Identification of a conserved B-cell epitope on reticuloendotheliosis virus envelope protein by screening a phage-displayed random peptide library.

Background: The gp90 protein of avian reticuloendotheliosis-associated virus (REV-A) is an important envelope glycoprotein, which is responsible for inducing protective antibody immune responses in animals. B-cell epitopes on the gp90 protein of REV have not been well studied and reported.

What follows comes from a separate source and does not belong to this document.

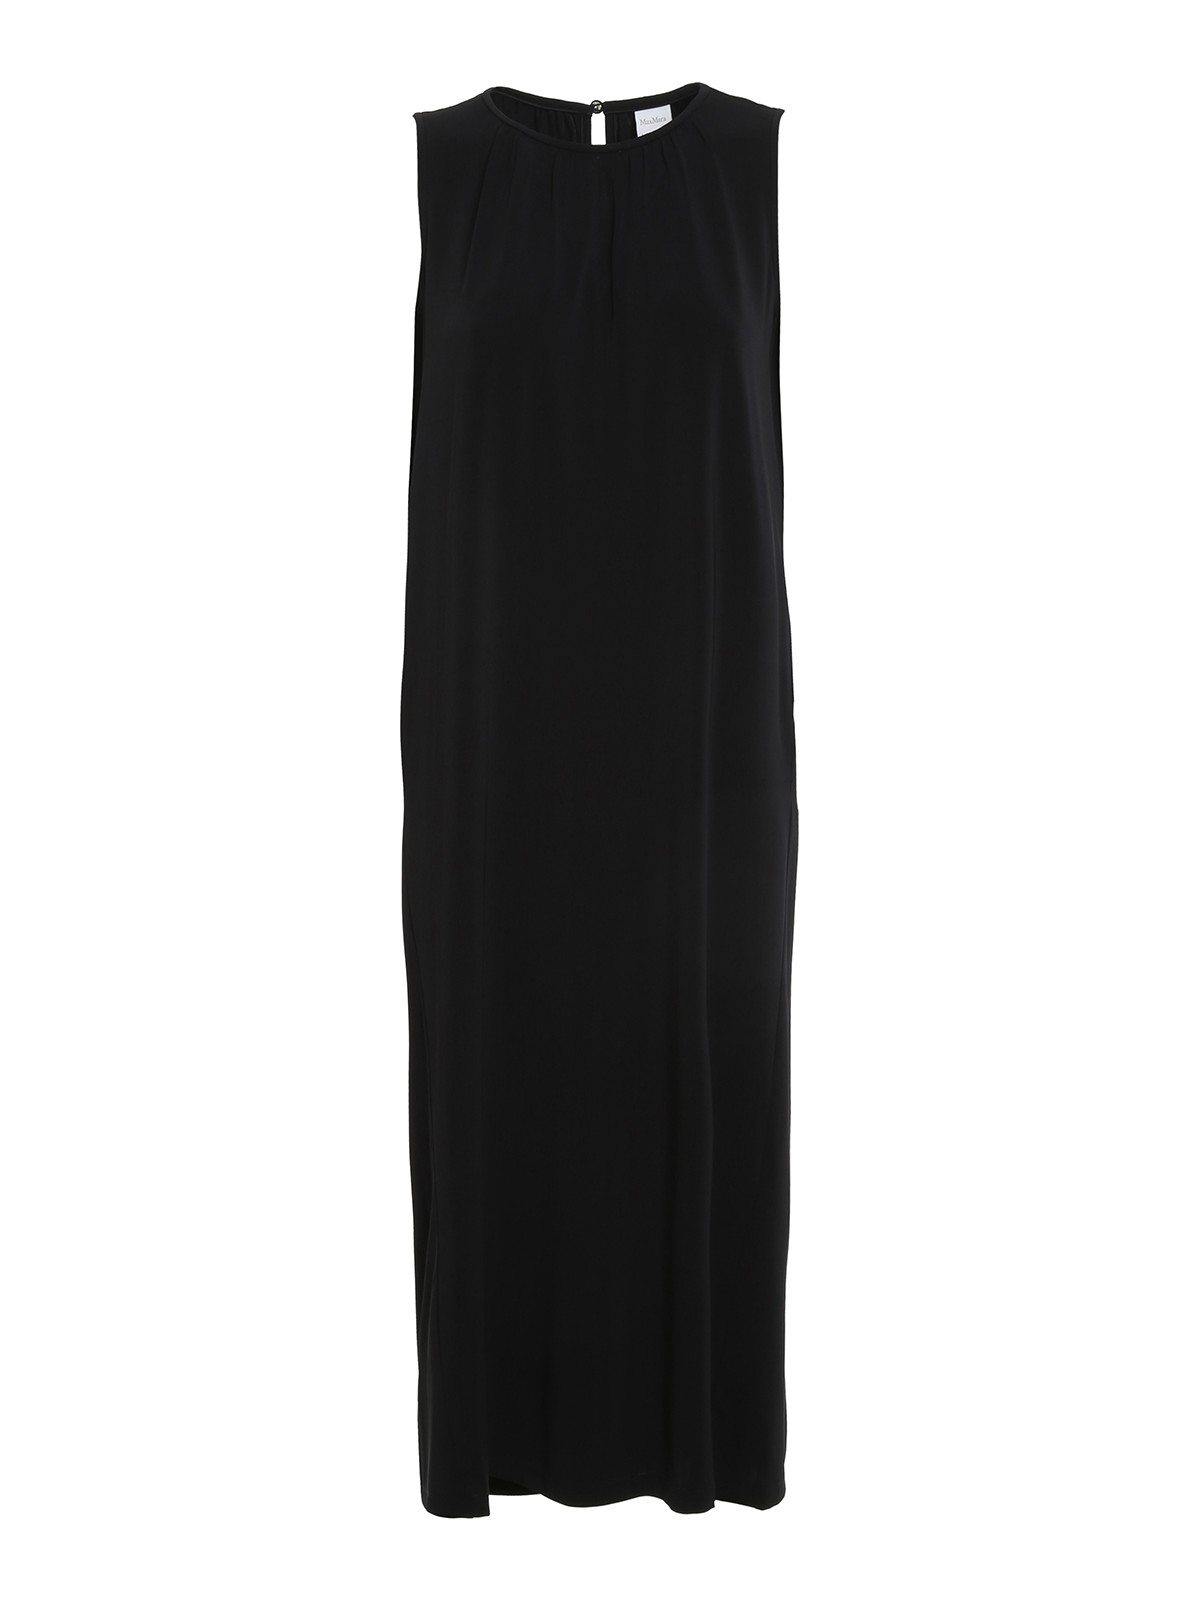 Max Mara Dresses EPOPEA JERSEY DRESS
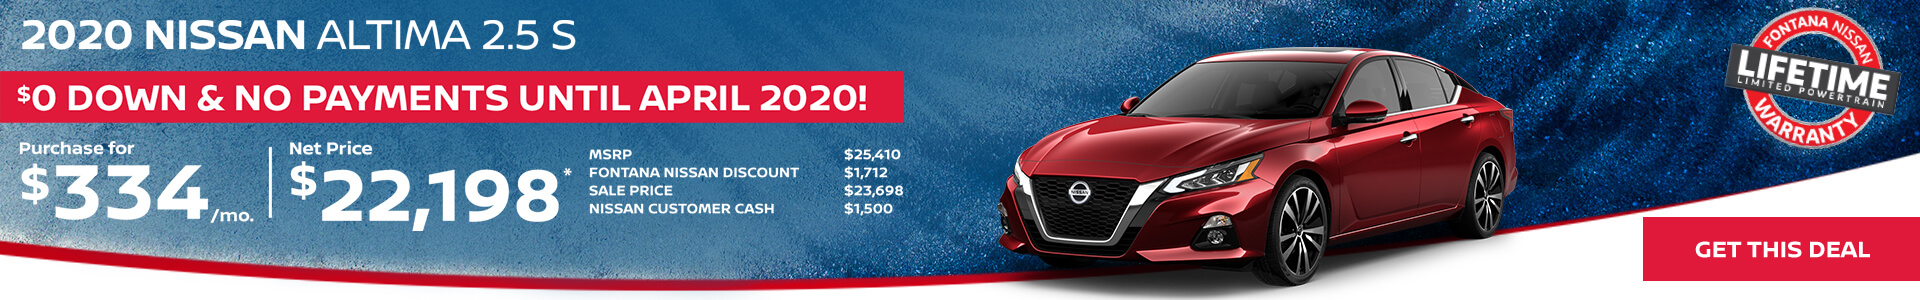 Nissan Altima $334

Methods And Results: This study describes the identification of a linear B-cell epitope on the gp90 protein by screening a phage-displayed 12-mer random peptide library with the neutralizing monoclonal antibody (mAb) A9E8 directed against the gp90. The mAb A9E8 recognized phages displaying peptides with the consensus motif SVQYHPL. Amino acid sequence of the motif exactly matched (213)SVQYHPL(219) of the gp90. Further identification of the displayed B cell epitope was conducted using a set of truncated peptides expressed as GST fusion proteins and the Western blot results indicated that (213)SVQYHPL(219) was the minimal determinant of the linear B cell epitope recognized by the mAb A9E8. Moreover, an eight amino acid peptide SVQYHPLA was proven to be the minimal unit of the epitope with the maximal binding activity to mAb A9E8. The REV-A-positive chicken serum reacted with the minimal linear epitopes in Western blot, revealing the importance of the eight amino acids of the epitope in antibody-epitope binding activity. Furthermore, we found that the epitope is a common motif shared among REV-A and other members of REV group.

Conclusions And Significance: We identified (213)SVQYHPL(219) as a gp90-specific linear B-cell epitope recognized by the neutralizing mAb A9E8. The results in this study may have potential applications in development of diagnostic techniques and epitope-based marker vaccines against REV-A and other viruses of the REV group.